Противоположная комбинация: абсолютно личное общение с книгой, без посредников и вне присутствия других читателей, могло происходить за стенами дома, в открытом внешнем пространстве. Да, по вечерам Пипс читает у себя, но он много читает и во время дневных перемещений по Лондону. Чтение сочетается с ходьбой: «И тогда я дошел до Дептфорда, где не бывал очень давно, и заплатил экипажу „Милфорда”. <…> После обеда пришел сэр У. Батон, и я оставил его выплачивать жалование другому судну, а сам пешком домой, опять читая по пути книжечку новых стихов Коули, данную мне его братом» (18 ноября 1663 года). 9 мая 1666 года он снова в Дептфорде: «Пешком назад, снова читая книги по гражданском праву». Или 17 августа 1666 года: «Вниз по воде до Вулиджа, дальше я один пешком до Гринвича, заканчивая „Приключения пяти часов”[84], которые, сказать по правде, лучшая из читанных мною пьес». Оно же помогает скоротать время путешествий по Темзе: «Отправился в Ридриф по реке, читая новую французскую книжку, которую мне сегодня дал лорд Баункер, „Любовная история галлов”[85], хороший памфлет против любовных интриг при французском дворе» (1 мая 1666 года). 10 июня 1667 года он возвращается из Грейвзенда: «Отправился домой и, пока было светло, читал книгу Бойля о гидростатике, лучшую из всего, что я когда–либо читал. <…> Когда стало слишком темно, чтобы читать, я лег и задремал, была хорошая погода».
Чтение «глазами» — достаточное условие для того, что–бы вокруг читателя образовалась некая зона интимности, отделяющая его от внешнего мира. Даже посреди города, среди людей, он может оставаться один на один с книгой и сосво ими мыслями.

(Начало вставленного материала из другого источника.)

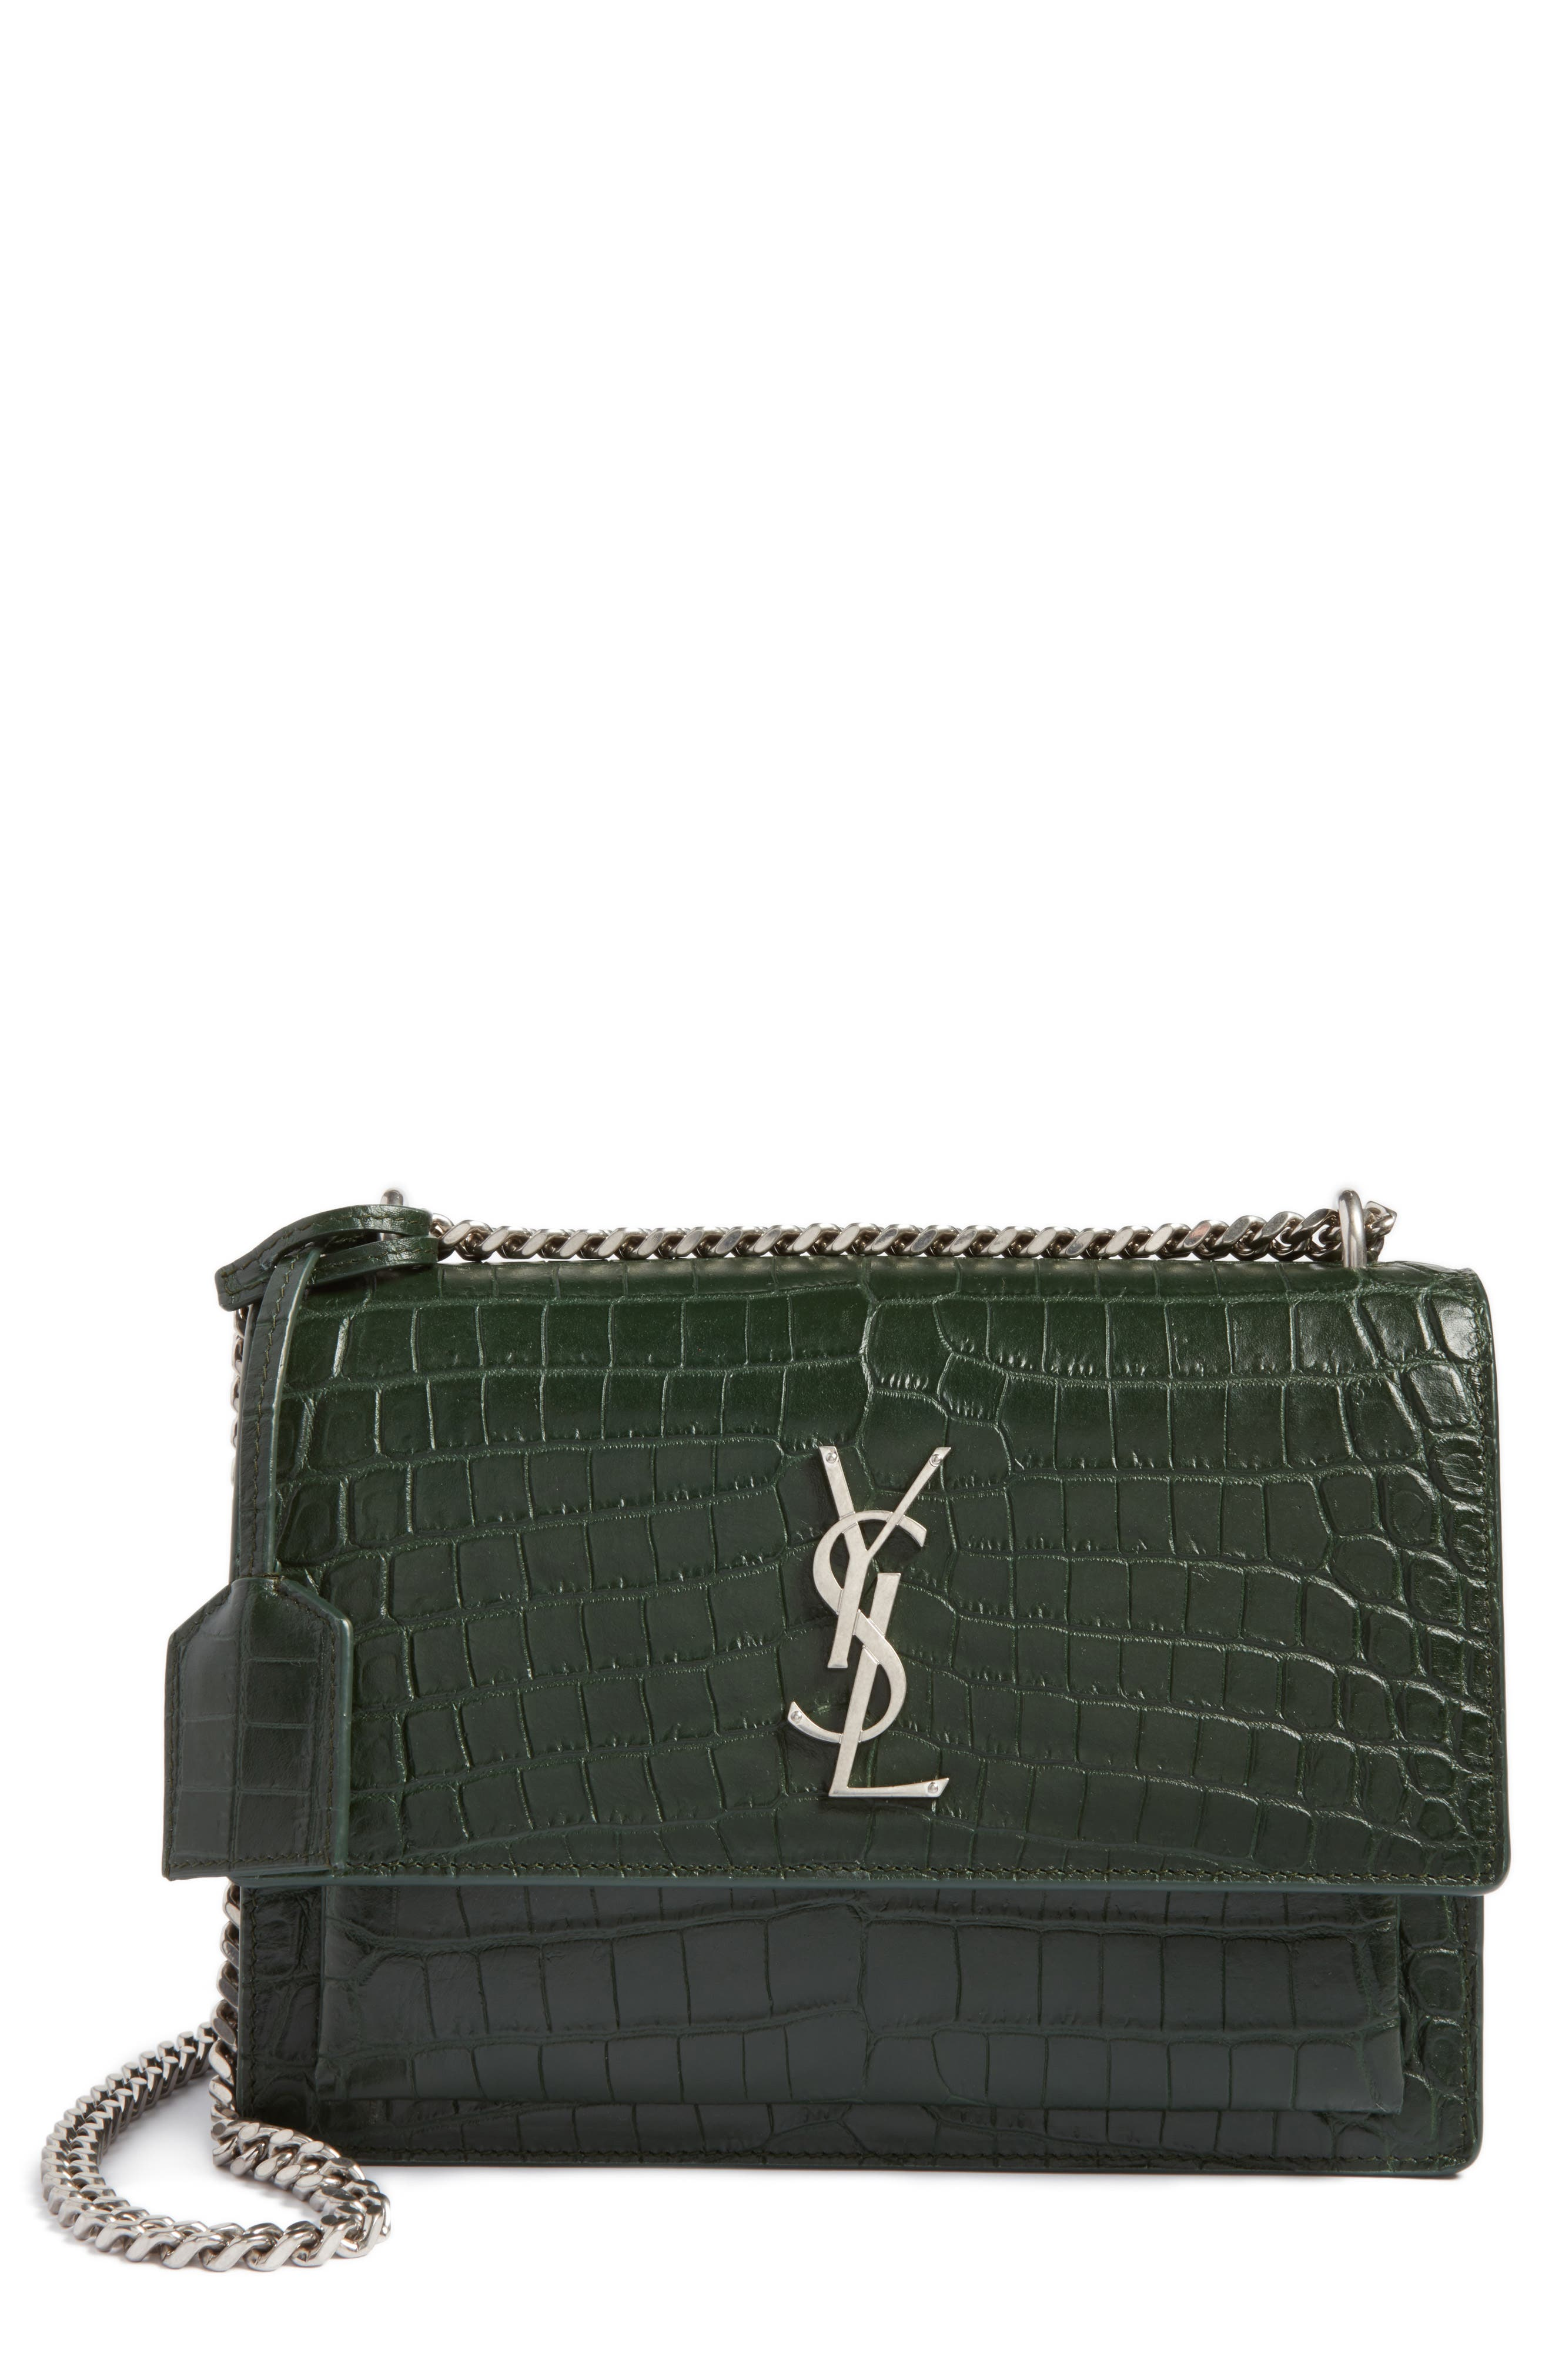 Saint Laurent Medium Sunset Croc Embossed Leather Shoulder Bag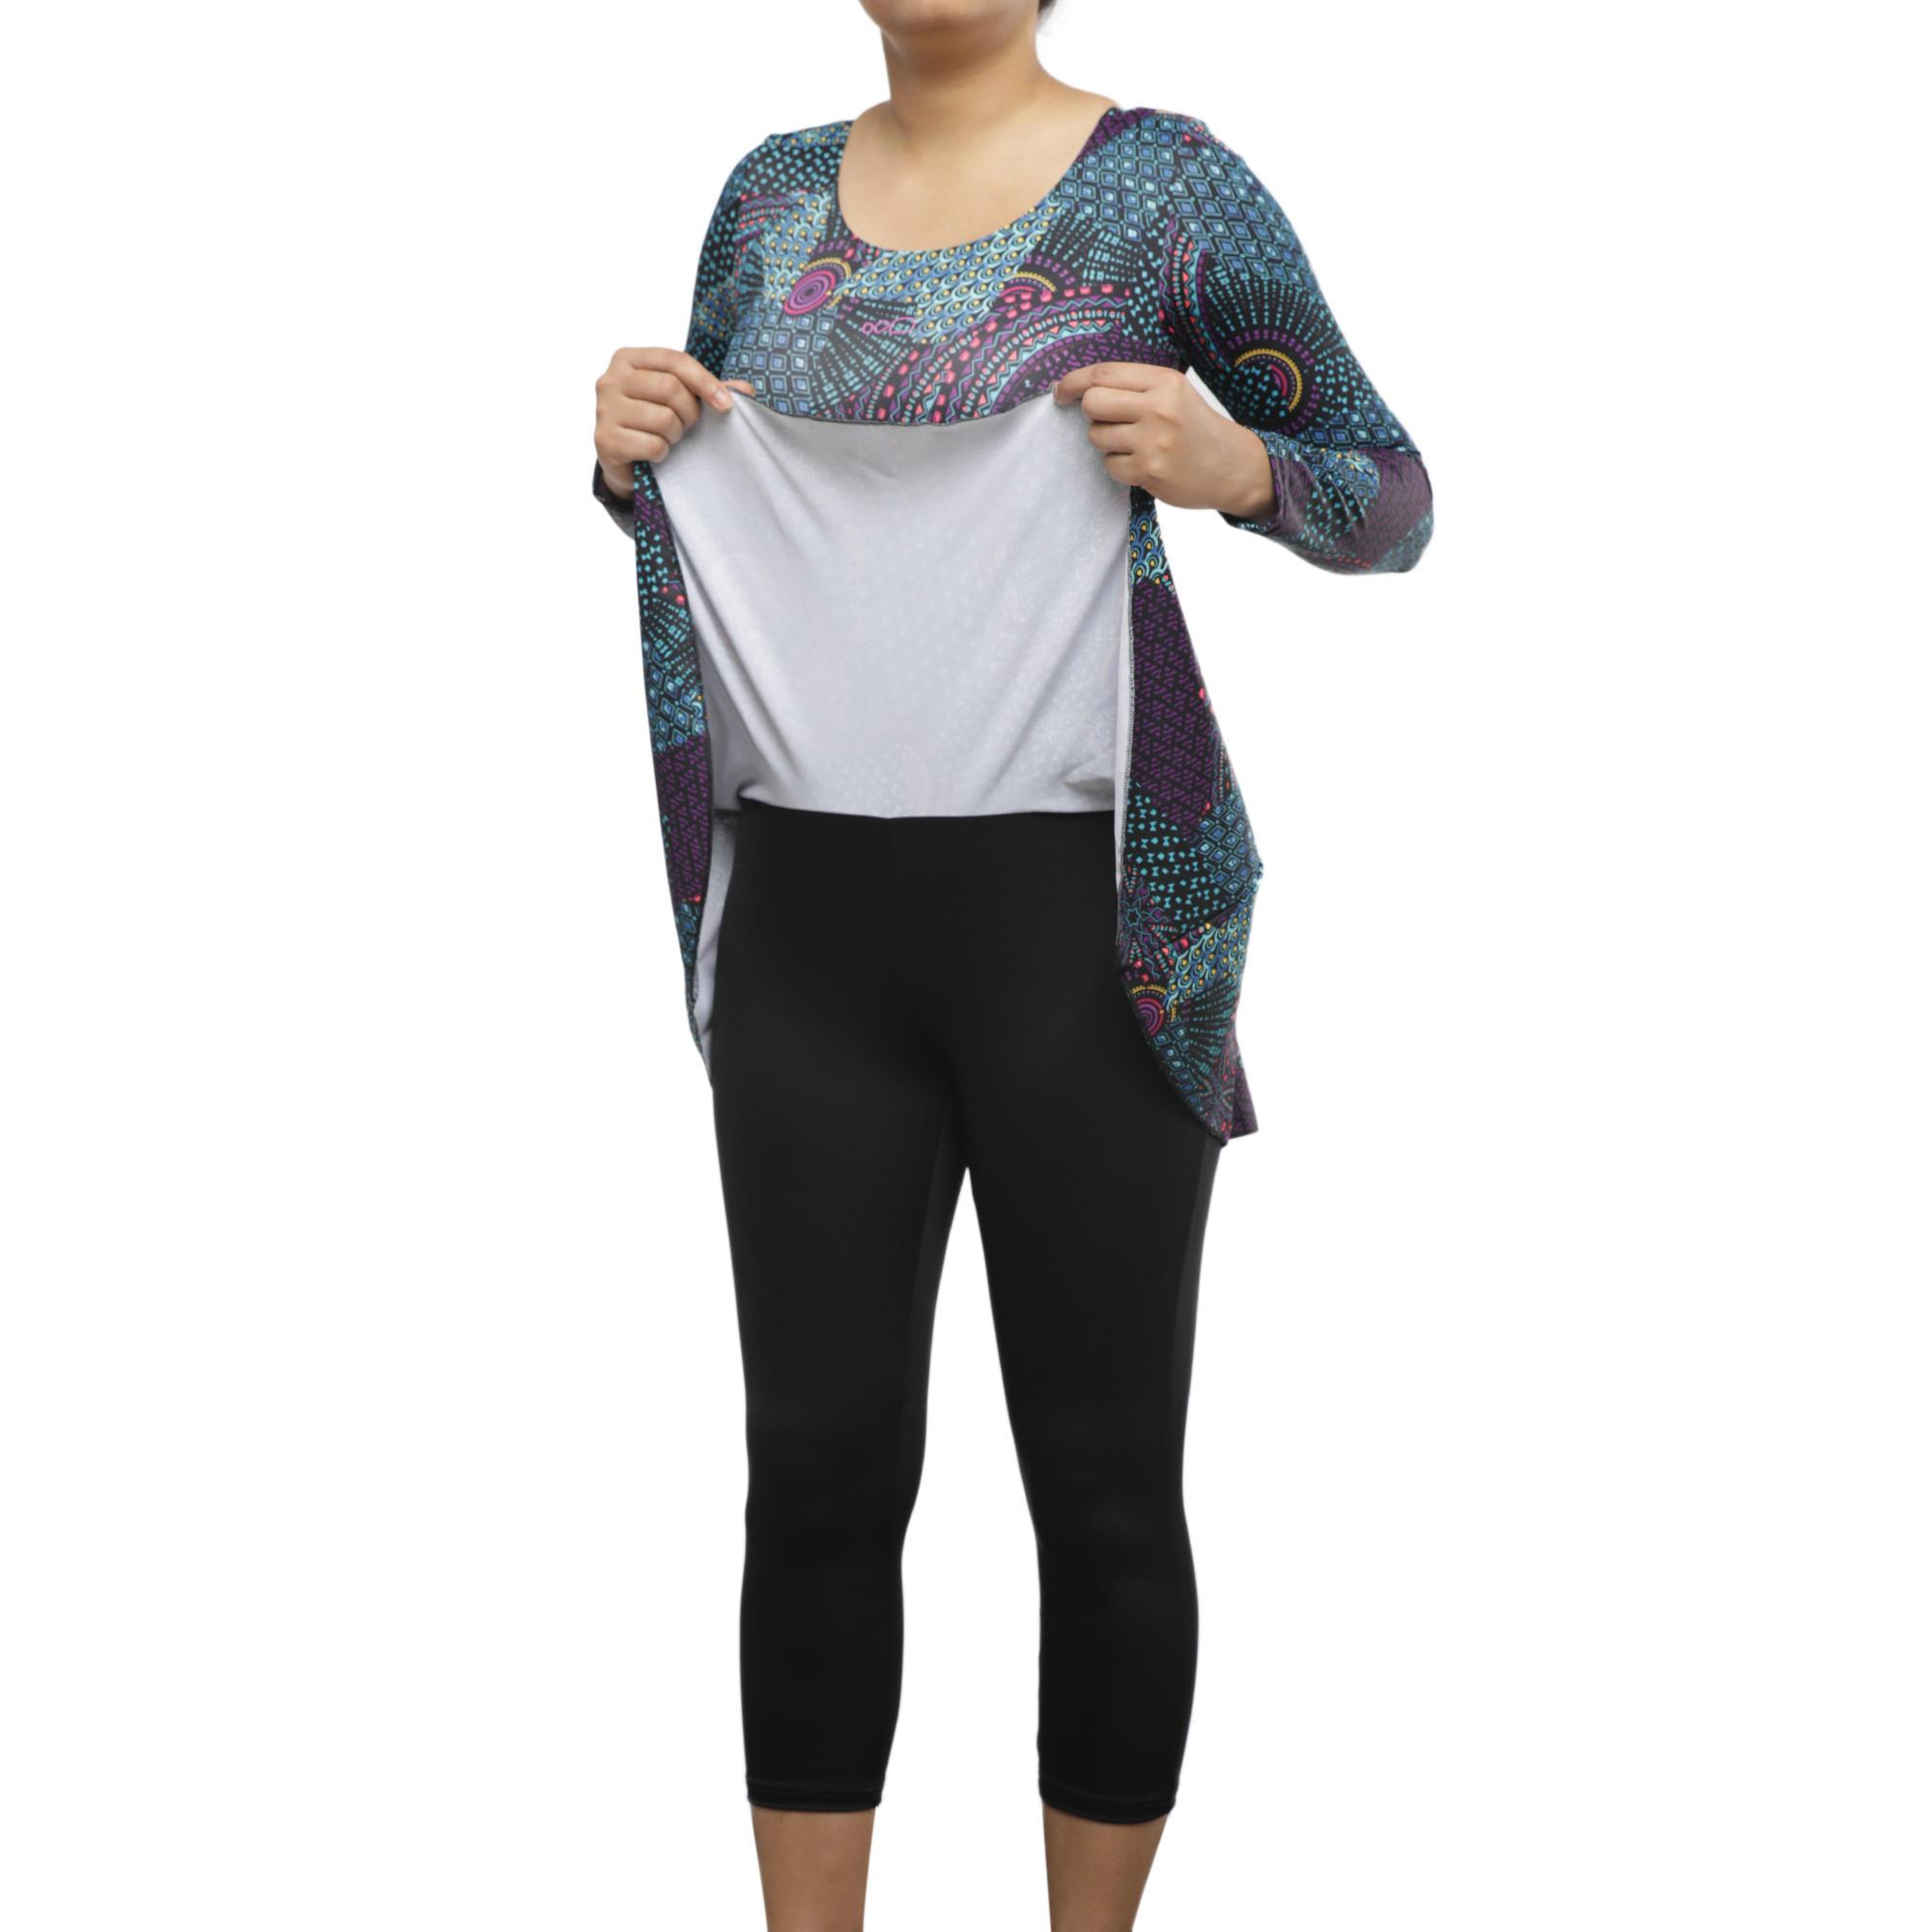 Women One Piece Athletic Comfort Swimming Costume Swimwear Size 8 10 12 14 16 18

Однако есть типы чтения, которые действительно требуют большей тайны. 13 января 1668 года Пипс заходит к «своему книгопродавцу, где увидел французскую книгу, которую думал предложить жене для перевода, под названием „Урок девицам” [приписывается Мишелю Мило и Жану л’Анжу. — Р.Ш.], но, заглянув в нее, понял, что более непристойной и развратной книги мне не доводилось видеть и что она даже хуже „Странствующей потаскухи” [Аретино. — Р.Ш.]У и мне стало стыдно, что я ее читаю». Однако стыд оказывается недолговечным, поскольку 8 февраля он снова в книжной лавке и уступает искушению: «купил эту пустую, проказливую книгу „Урок девицам”; купил ее в самом простом переплете (избежав покупки в лучшем), поскольку решил, что как только прочитаю, то сожгу, чтобы она не попала в перечень моих книг и не стояла среди них, позоря их, если ее обнаружат». На следующий день Пипсу не терпится прочитать соблазнительный текст: «Встал, все утро у себя и в присутствии работал и немного читал „Урок девицам”, книгу весьма развратную, но разумному человеку, быть может, стоит раз ее прочесть, чтобы знать всю мерзость этого мира». Вечером, после дружеского обеда и выпивки, затянувшейся на полдня, Пипс снова возвращается к книге: «Когда они ушли, я пошел к себе в комнату, где прочел весь „Урок девицам”, книгу развратную, но знание которой не принесет мне вреда (but it did hazer my prick para stand all the while, and una vez to decharger [как всегда, он фиксирует физиологический эффект, используя своеобразное макароническое наречие. — Р.Ш.])[86]; закончив, сжег, чтобы, к моему стыду, не было ее среди моих книг; затем ужинать и в постель». Подобное чтение должно быть скрыто от стороннего взгляда: оно требует закрытого пространства, которое сбивает со следа (присутствие) или обеспечивает интимность (своя комната), и последующего уничтожения следов, которые могли бы его выдать.
Одежда для чтения
Как можно видеть на примере Англии XVII века, чтение все больше приобретает черты той приватности, которая характерна для Нового времени, но это отнюдь не уменьшает разнообразия соответствующих практик. К XVIII столетию оно уже столь прочно ассоциируется с частной сферой, что используется в качестве ее символа. Свидетельством тому может служить картина Шардена «Радости частной жизни» (сейчас находящаяся в Национальном музее Швеции в Стокгольме)[87]. В 1745 году шведская королева Луиза—Ульрика заказала художнику два полотна, сюжетами которых должны были стать «воспитание суровостью» и «воспитание мягкостью и убеждением». Однако Шарден отошел от первоначальной программы: на первой картине мы видим даму в кресле, у которой на коленях лежит книга, обернутая в розовую бумагу; на другом — даму за столом, занятую подсчетом хозяйственных расходов. Таким образом, диптих противопоставляет личный досуг и домашние заботы, чтение книги и письменное фиксирование счетов, интимное развлечение и хозяйственную добродетель. Вторая картина получила название «Рачительная хозяйка», а первая — «Радости частной жизни»: именно так ее именует в октябрьском письме 1746 года шведский посол в Париже, после того как полотно было выставлено в Салоне; это название подтверждает гравюра, сделанная в 1747 году[88]. Иначе говоря, перед нами своеобразная живописная синекдоха, где часть (чтение) отсылает к целому (частная жизнь) и где достаточно упоминания одной практики, связанной с книгой, чтобы обозначить все радости приватного существования, вне забот семейного быта и его пространства.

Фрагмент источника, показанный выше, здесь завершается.